History of Chapel of the Venerable Bede, Coral Gables FL

The Episcopal Church Center has been a part of the University of Miami since 1953. Our current chapel was constructed from 1958-1960 and was designed by Marion Manley, the first woman architect in the State of Florida. The UM/Canterbury Preschool, located on our site, serves the children of UM faculty, employees, and students.

As an Episcopal Chapel, the center of our worship life is the celebration of the Eucharist (communion). The flow of our service is very similar to what one would find in a Roman Catholic or a Lutheran Church. The mission of the Chapel is to serve the University of Miami community. A small local congregation also worships at the Chapel. Typically, our local folks worship here on Sunday mornings (8AM & 10AM) and students worship here on Sunday nights (6PM). However, students are welcome whenever they wish to come.

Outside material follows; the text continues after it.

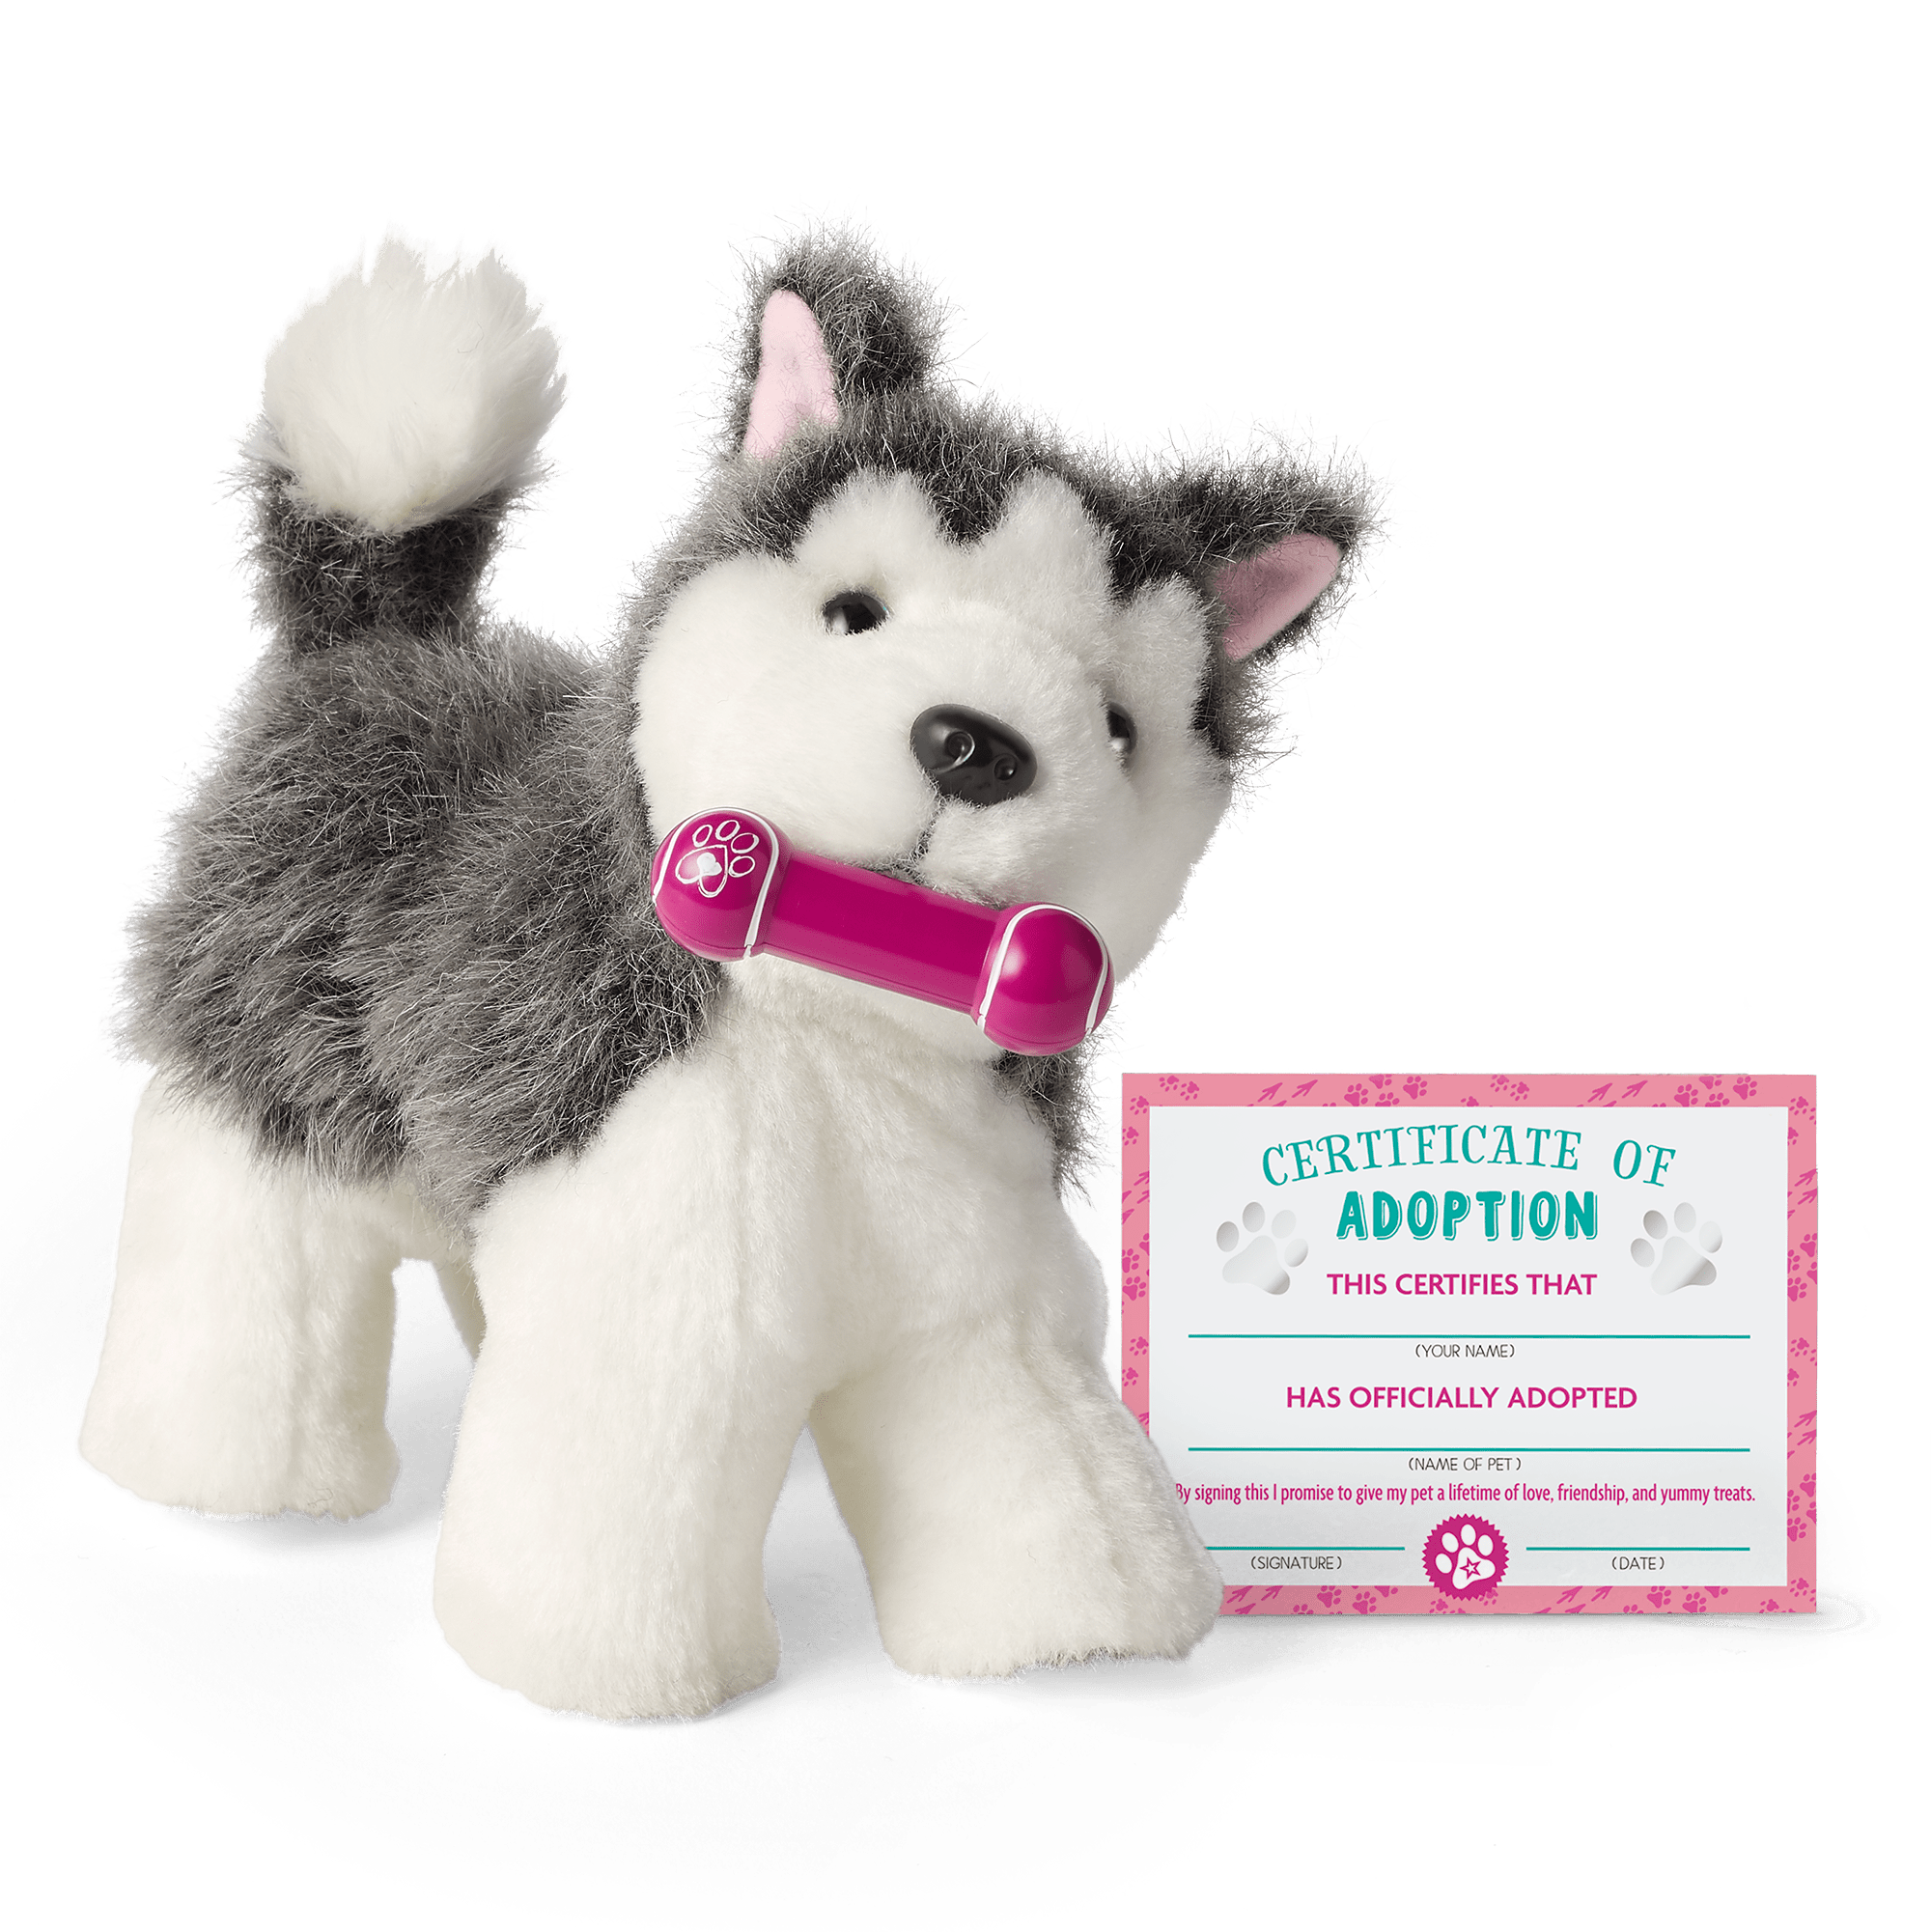 New York Doll Collection Plush Puppy Dog Accessories Play Set for 18 inch Dolls - Pet Accessory Set Fits American Girl Dolls

The Episcopal Church is a part of the worldwide Anglican Communion. Our roots are in The Church of England. While our history is complex, a good summary of where we fit within wider Christianity would be to say that our expression of Christianity is Catholic, Protestant, and Celtic. Christianity came to Great Britain very early, perhaps as early as the Second Century AD. As the Roman Empire faced mounting threats from many quarters, they found that their armies were too thinly spread out. Abandoning Great Britain happened early in the process of retrenchment of Roman forces. Christianity in Britain and Ireland developed largely independently of Christianity on the Continent. In 597, when Pope Gregory the Great sent St. Augustine to Christianize the Britons, Augustine was surprised to find that there were already Christians there. Beginning with Augustine's tenure as the first Archbishop of Canterbury, a sometimes tense amalgamation of Roman and indigenous Celtic Christian traditions took place over several centuries. For example, Celtic priests were married, sometimes women were in charge of mixed monasteries of men and women, etc. In time Roman ways prevailed, but since the Sixteenth Century Reformation the Church in England was free once again to find its own way. We've had married priests since the 1540's, and we've had women priests since the 1970's. Anglicans have been worshiping in English since the 1540's. Scripture, Tradition, and Reason are the three pillars that uphold our faith.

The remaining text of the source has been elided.